In this talk, I will propose a new method for the K-armed dueling bandit problem, a variation on the regular K-armed bandit problem that offers only relative feedback about pairs of arms. Our approach extends the Upper Confidence Bound algorithm to the relative setting by using estimates of the pairwise probabilities to select a promising arm and applying Upper Confidence Bound with the winner as a benchmark. We prove a sharp finite-time regret bound of order O(K log T) on a very general class of dueling bandit problems that matches a lower bound proven by Yue et al. In addition, our empirical results using real data from an information retrieval application show that it greatly outperforms the state of the art.
Feb 23
Bren Hall 4011
1 pm
Cylance
Glenn Chisholm, Chief Technology Officer, Cylance
Matt Wolff, Chief Data Scientist, Cylance
Michael Wojnowicz, Data Scientists, Cylance

Traditional approaches to detecting malware, namely those used by current antivirus methodologies, are increasingly comprised by sophisticated attackers who may have financial, social, or nationalistic motives. In just the last few weeks, there have been successful hacking attacks against Sony and Anthem, as well as a banking attack by the Carbanak group that stole over $1 billion for various financial institutions. Traditional antivirus approaches utilize manual analysis of files to identify malware; however these techniques simply do not scale to the volume of malware that now exists. At the time of this writing, an estimated million distinct newly suspicious files per day are generated. Clearly, manual inspection of all these files by human analysis is not feasible.

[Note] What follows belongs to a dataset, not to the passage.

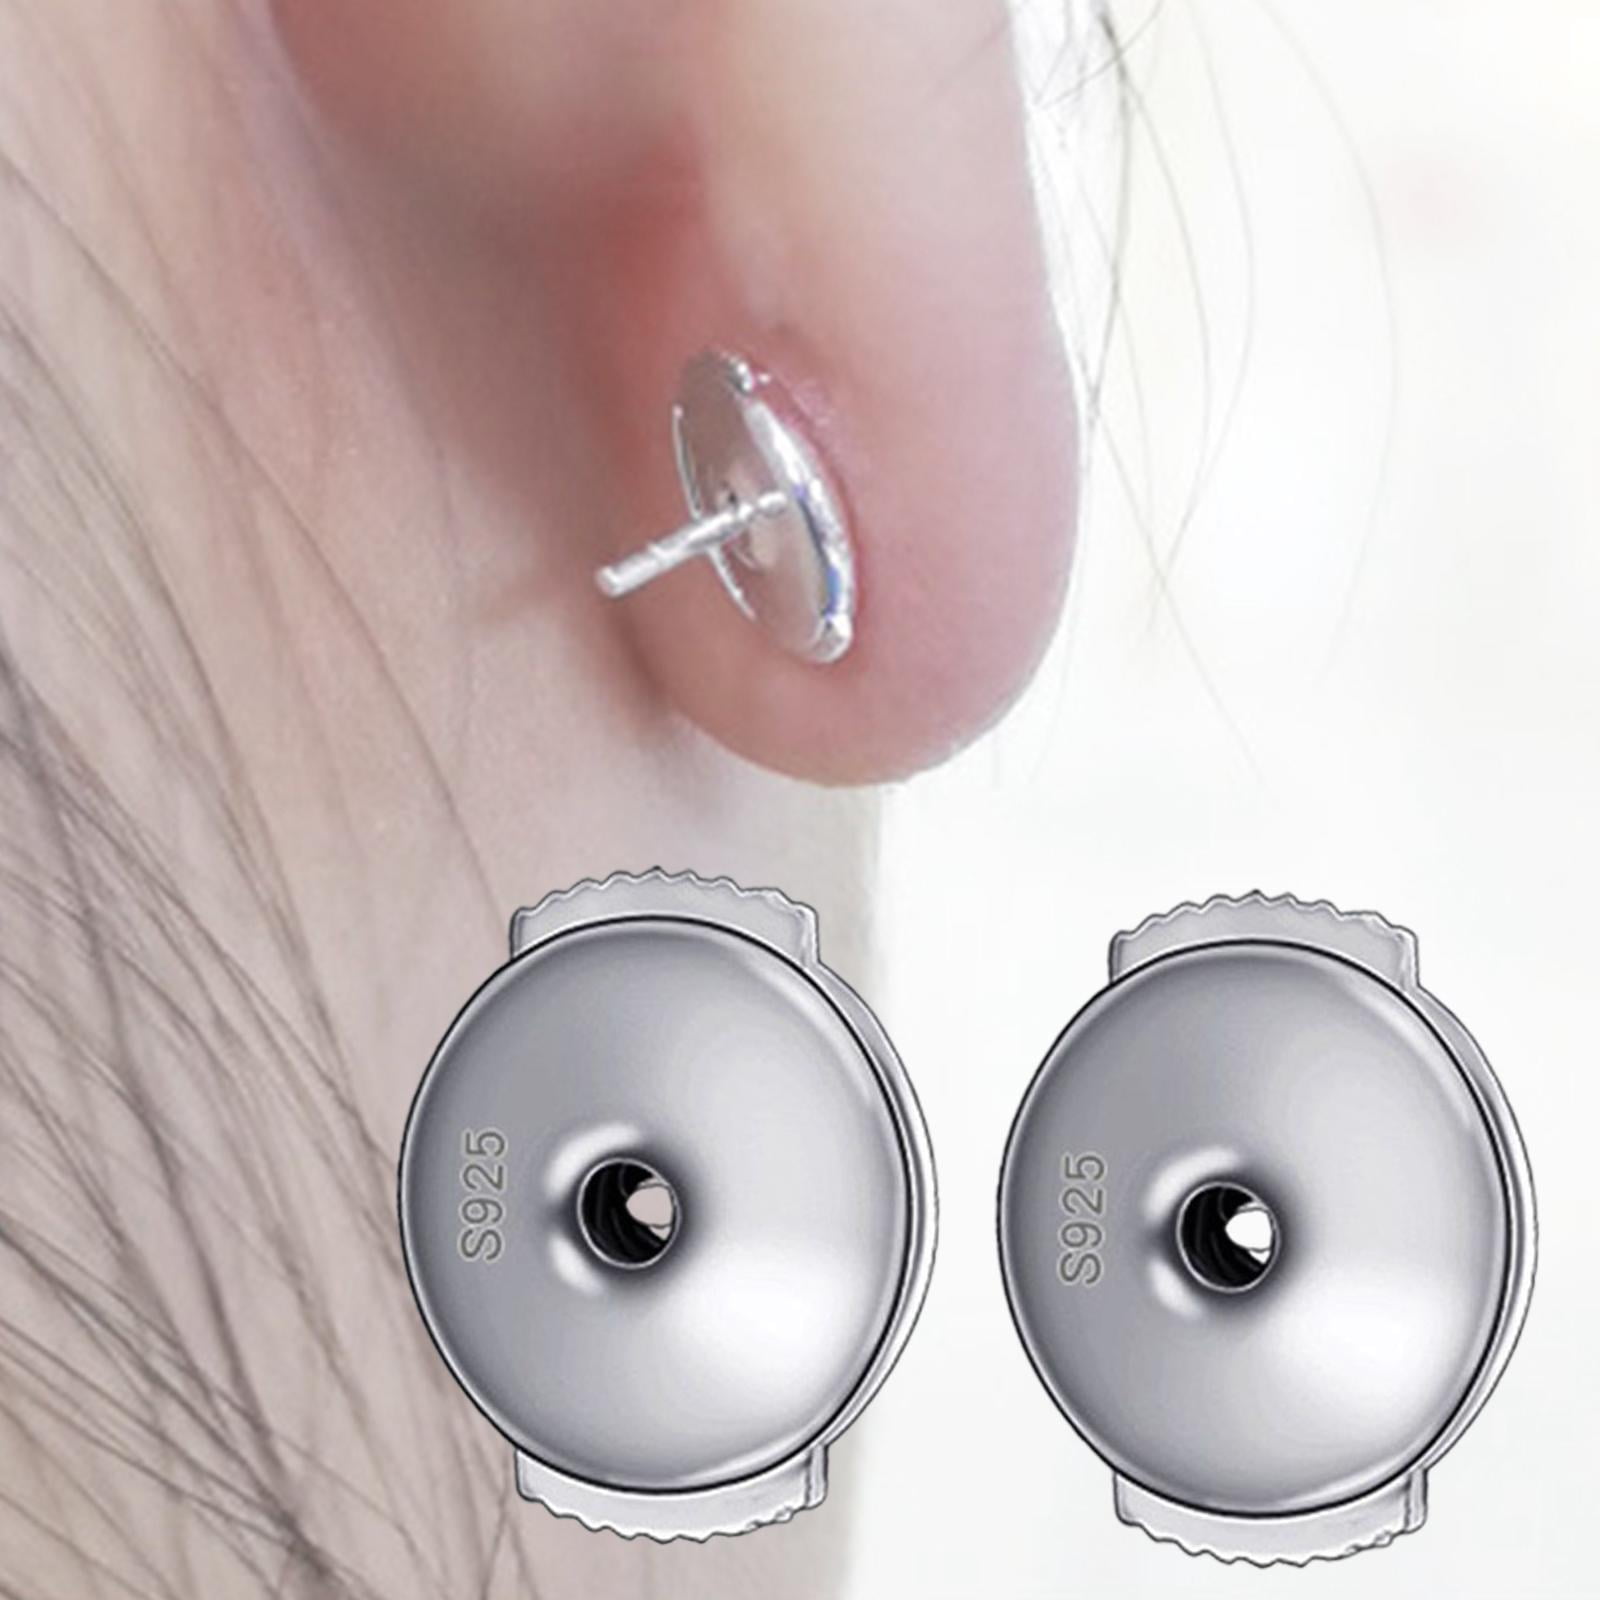 Earring Backs Replacements Plated Backs Locking Stoppers Earring Backs  Stopper Earring Ear Gifts DIY Earring Lovers 6mm White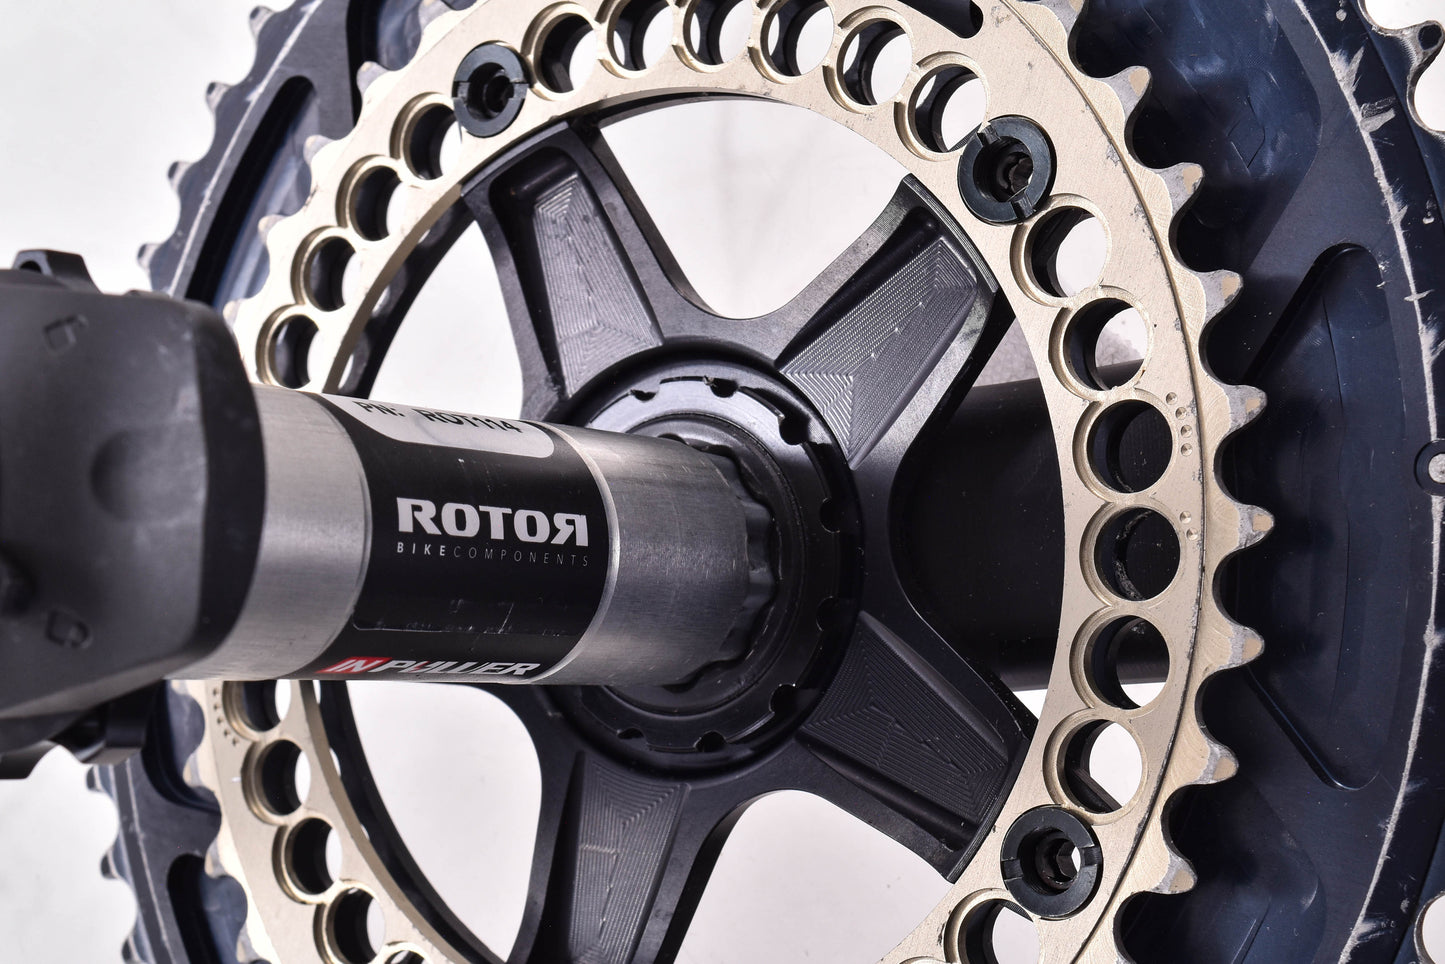 USED Rotor Flow INPower Aero Crankset 175mm 54/40T 130mm BCD Oval Q-Rings 30mm Spindle Power Meter

At Cylance, we have developed a machine learning engine to help reduce or remove the need for manual analysis. In this talk, we will dive in into various components of our machine learning infrastructure, with the goal of providing some insight into how one can apply machine learning to problems in industry and against large datasets. A machine learning approach to cybersecurity presents a wide array of interesting challenges in areas of feature extraction, feature engineering, dimensionality reduction, and modeling. Specific topics that will be discussed include designing models with speed in mind, why different optimization methods do or do not perform well against various types of data, and feature engineering based on wavelet analysis and entropy series.

Mar 9
Bren Hall 4011
1 pm
Fan-Gang Zeng
Professor of Anatomy and Neurobiology, Biomedical Engineering and Cognitive Sciences, UC Irvine
Director, Center for Hearing Research
Director of Research, Otolaryngology – Head and Neck Surgery, UC Irvine

Deafness affects not only speech communication but also language development including speaking and reading. The bionic ear or the cochlear implant is a modern medical device that allows the first successful restoration of a human sense. It works well for either adults who have lost hearing postlingually or children who receive the device prelingually. It doesn’t work well for those who never hear during development but get an implant in adulthood. My talk will address two issues. First, I will describe development of the modern cochlear implant from signal processing perspective, which clearly abides by the “KISS” principle. Second, I will emphasize the importance of the brain in the cochlear implant success, speculating on the structure and rules for the neural network to learn how to process speech.